Posted by: speedwell | December 24, 2006 1:17 PM

#76

Back in my 20 years of aerospace engineering/management, I wished I'd had a dime for every time I read: "This page Intentionally Left Blank."

It was sometimes there to keep from having to repaginate. Sometimes for the given level of classification. Less scary than the cover page which read: "unauthorized distribution punishable by death."

But it always seemed to me to be parallel to the signs reading: "This door always kept closed." In which case:

Is it a page?

Is it a door?

If a tree falls in a forest, and nobody blogs it, did it make a sound?

What is the sound of one blog blanking?

Posted by: Jonathan Vos Post | December 24, 2006 4:51 PM

#77

Oh, Squid Breath, Carnac perceives the answer is "Blank Post." What is the question?


Name what PZ could post on Uncommon Descent and not get banned.

Posted by: Doc Bill | December 24, 2006 5:24 PM

#78

speaking of Uncommon Descent - DaveScot just took notice:

http://www.uncommondescent.com/archives/1903

Posted by: Lee | December 24, 2006 7:31 PM

#79

Taiwan singer's 'atheist' song triggers protests


Chinese-American hip-hop singer Stanley Huang's new album has triggered strong protests from religious believers because the title song is about atheism, a newspaper said yesterday.
.
Since radio and TV played "Atheist Like Me," the lead song in the album, Huang's record company has been receiving more than 100 phone calls protesting the content of the song, the China Times daily reported.
...

Posted by: quork | December 24, 2006 9:24 PM

#80

This post has fallen to #5. Honor must be restored to the blank post!

Posted by: John | December 24, 2006 10:57 PM

#81

OK, John, let's try our best.

Oh, and a season's greeting: Merry BLANK folks!

(fill in as appropriate)

Bob

Posted by: Bob O'H | December 25, 2006 3:29 AM

#82

(medieval): Nature abhors a blank post.

(modern): Blank posts are spontaneously filled by virtual posts and antiposts.

(postmodern): String Theory (strings of alphanumerics) has failed to make any useful predictions on a Blog Theory of Everything.

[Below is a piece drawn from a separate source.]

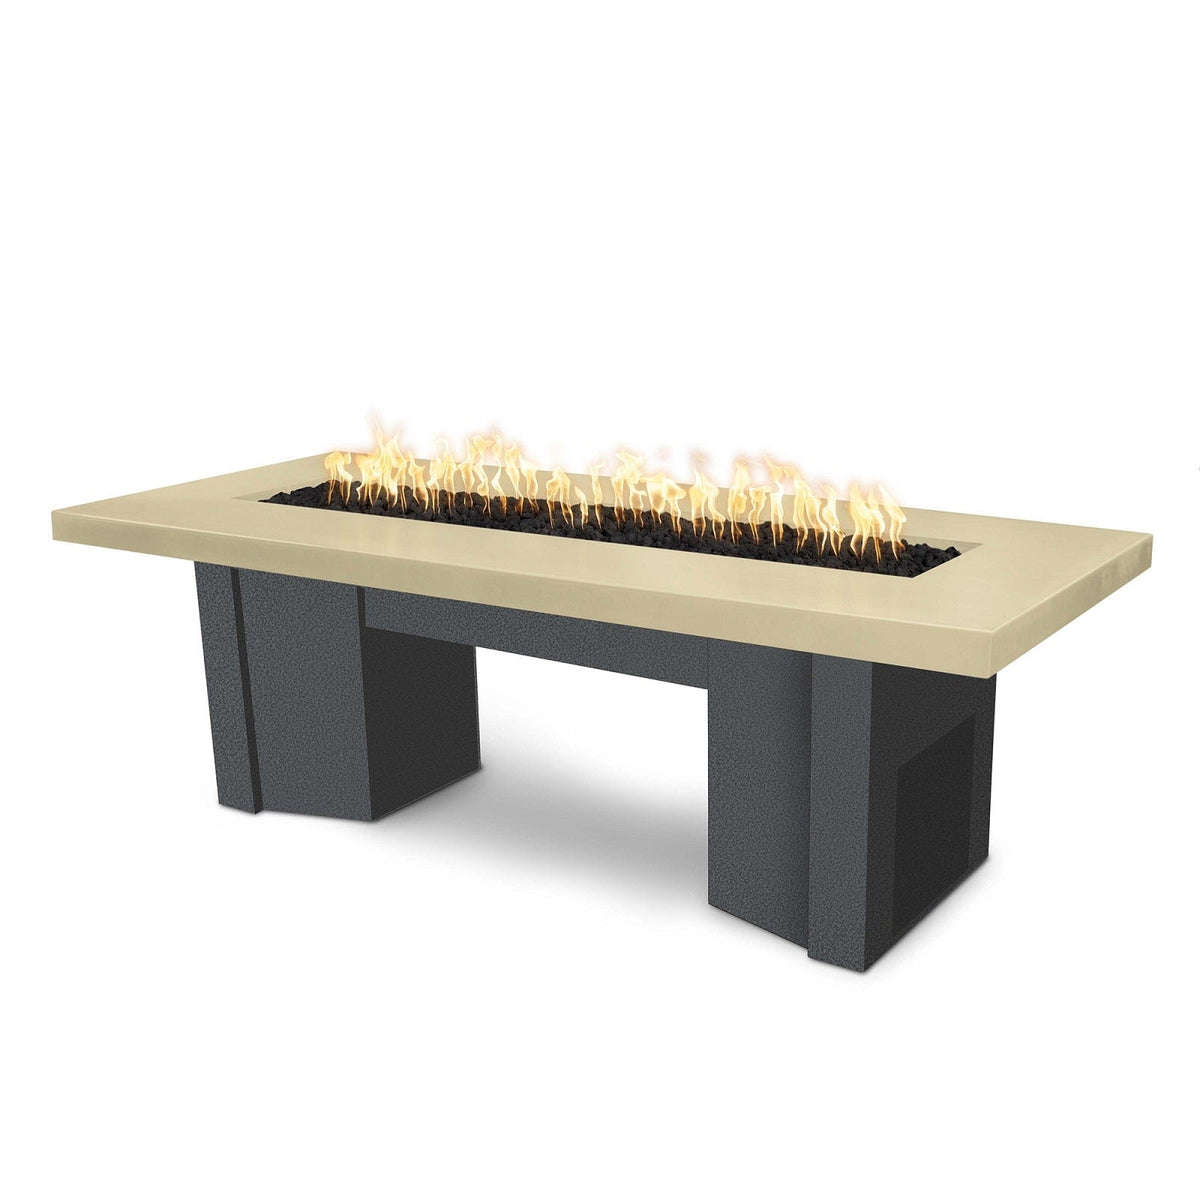 The Outdoor Plus Fire Features Vanilla (-VAN) / Silver Vein Powder Coated Steel (-SLV) The Outdoor Plus 60&quot; Alameda Fire Table Smooth Concrete in Liquid Propane - Match Lit with Flame Sense System / OPT-ALMGFRC60FSML-LP

Or, more properly, Character String Theory predicts a "landscape" of over 10^500 possible blogs in a blogmultiverse.

See, for instance,
Not Even Wrong
http://www.math.columbia.edu/~woit/wordpress/

Posted by: Jonathan Vos Post | December 25, 2006 2:41 PM

#83

Ping!

Pong!

We must endeavor to prolong the silliness.

For without silliness, all we have is...

Posted by: Will Von Wizzlepig | December 26, 2006 12:45 PM

#84

Mel Blanc would be ashamed of the lack of color in this post.

You do know he changed his name from Blank to Blanc.


What's up Doc with the blankness?

Posted by: Rev. BigDumbChimp | December 26, 2006 5:33 PM

#85

It isn't truly a blank post until the title itself is absent.